Setting up transition
The first thing to do upon arriving at the event is register. You will be given your race number and usually some number stickers for your bike and helmet. Once you have done this you will be allowed into the transition area to set up your transition area. The first thing to find out is where the entrances and exits are, usually marked bike in/bike out and run in/run out. There is usually a rack to hang your bike on-sometimes you can decide where to hang your bike, other times it will be numbered racking, where your place on the rack is dictated by your race number. If you get the choice there are a few things to consider. It is quicker to run without pushing the bike, so place your bike as close to the transition bike exit as possible, which means you won’t have as far to push the bike. This also gives you time to get your wetsuit off whilst running out of the swim. Of course you will have to push the bike further at the end of the bike leg but the transition area is usually less crowded by this stage so it should be easier. Once you have racked your bike and laid out your equipment (helmet, trainers, sunglasses etc.) it is worth walking through both transitions. There is nothing worse than not being able to find your spot and having to run up and down the rows until you find your kit! Try and notice some non-moveable things such as trees or signs that are in-line with your spot. These are much easier to see from a distance when running into the transition area than your bike which will be one amongst many. You are often allowed to have a colourful towel to make your spot more noticeable on the approach but you aren’t allowed to have balloons or flags to designate your place!
Warm up
It is vital to get your muscles warm before putting them under effort. If you fail to do this you risk not being able to sustain a reasonable pace or even worse pulling a muscle. A good warm up will help your muscles, joints and bones loosen up and increase your heart rate so that you are ready to race. There are various warm up routines and it is best to find one that suits you. I usually do an easy run for about 15 minutes and then some run drills followed by about four 60 meters strides at a faster pace. At open water races you will sometimes be allowed to warm up in the water but in the UK the water is not usually warm enough to get any benefit and you will just end up shivering! You won’t normally be allowed to warm up in the water at a pool based triathlon but you could still do some last minute land based arm exercises with a stretch band or simply doing arm swings. Make sure you keep hydrated during your warm up. I usually take regular sips of a sports drink with caffeine to give me a kick.
Keep focussed
It is very easy to get distracted at a race and lose your cool. There is a lot happening and it is easy to panic. There might be many people there that you know and the temptation is to spend time talking to them rather than getting ready for your event. Obviously it is fine to have a quick chat but remember that you are there to race, so try and keep focussed on your preparation. There will be plenty of time after the race to catch up with friends. One way of keeping focused is to do some pre-race visualisation exercises- find a quiet spot on your own and imagine your race going smoothly and getting the result you want. I usually do some visualisation during my warm up and listen to some motivating music on my MP3 player to get me in the mood to race. My favourite pre-race tunes are Edge of Glory by Lady Gaga and Tiger by Katy Perry which are energetic and have positive, motivational lyrics.
Start!
Once you have warmed up the only thing left is to get ready for the start. Get to either the pool side or open water start about 10-15 minutes before your start time. Probably the last thing you will do is go to the toilet! It is no secret that in an open water race most people will have their final wee in their wetsuit at the start! I dread to think what the pH count of the water at a race start line is! In a pool race you will get into the water about 1 minute before your start time. Dip your head under the water to check your cap and goggles are on securely. In an open water race you will usually be given a few minutes to get accustomed to the water. Make sure you keep moving to keep warm, do a few strokes back and forth to check your cap and goggles are on securely and then find an appropriate starting place depending on your speed. If you are a confident swimmer then position yourself close to the font but if you are slower then stay closer to the back of the pack to avoid faster competitors swimming over the top of you (yes it does happen)!

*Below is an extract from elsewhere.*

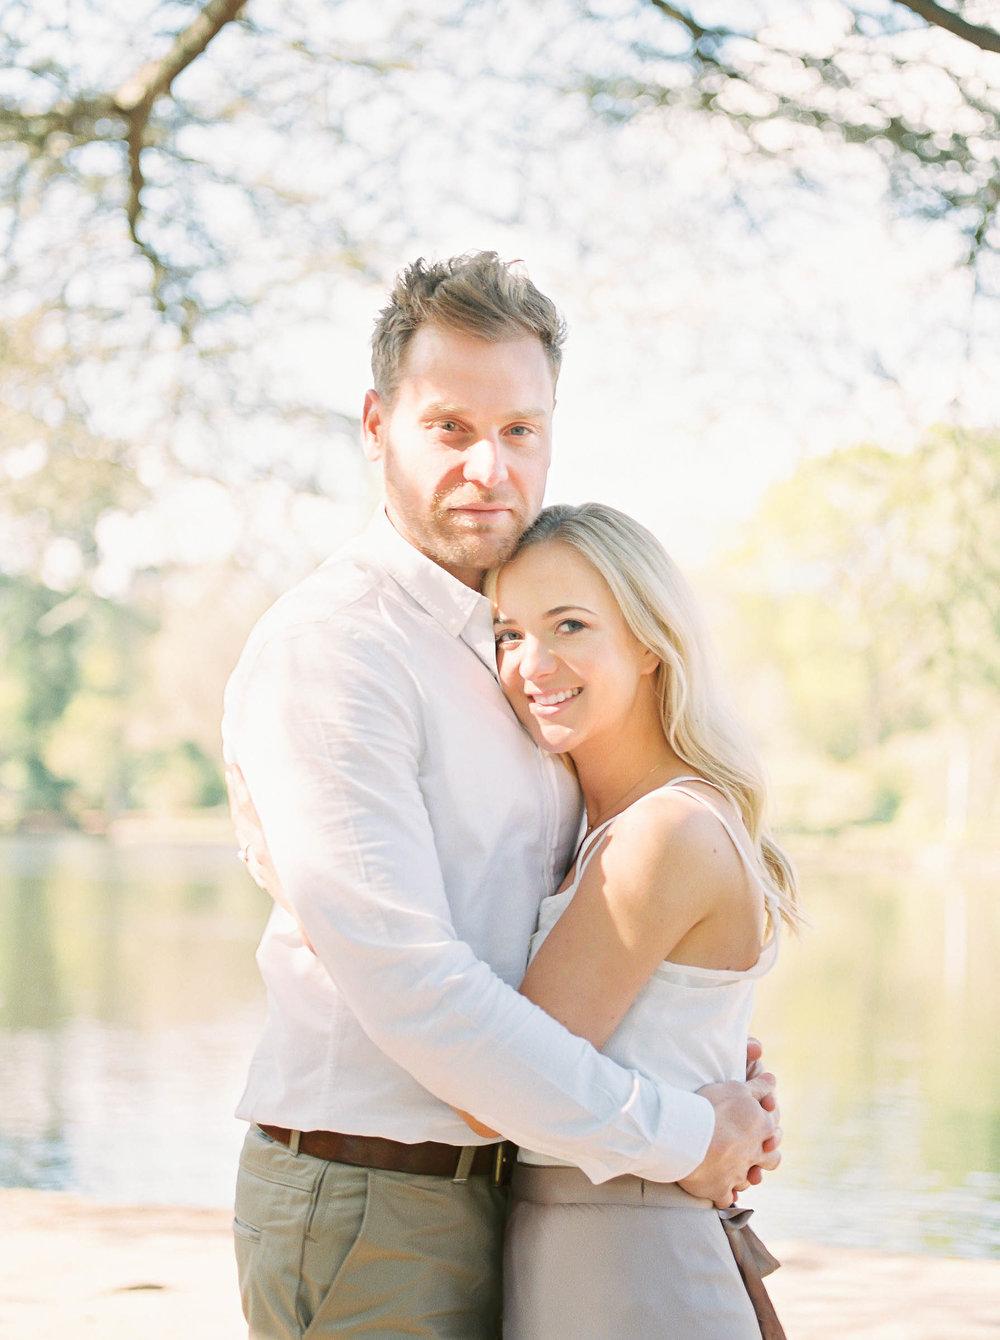 Amy O'Boyle Photography- Destination & UK Fine Art Film Wedding Photographer- Sheffield Park Garden National Trust Spring Engagement Shoot-25.jpg

With so much to do before a race it can often be difficult to stay calm and maintain your focus. To deal with this I always take a checklist of tasks that I run through, which means that I won’t forget to do anything and shouldn’t have any last minute panics. Here is my list which you are welcome to use:
Race set up checklist
Arrival
Register
Put race number on number-belt
Put on timing chip
Put stickers on helmet/bike
Transition area
Check gears
Put shoes on bike using elastic bands
Put Garmin on bike-check it’s on
Put bike tri-bag on bike to hold energy gels or stick gels on bike
Put drinks bottles on bike
Mount bike by saddle (handle bars facing you)
Put helmet and sunglasses on bike handles and if pool water triathlon also your number belt.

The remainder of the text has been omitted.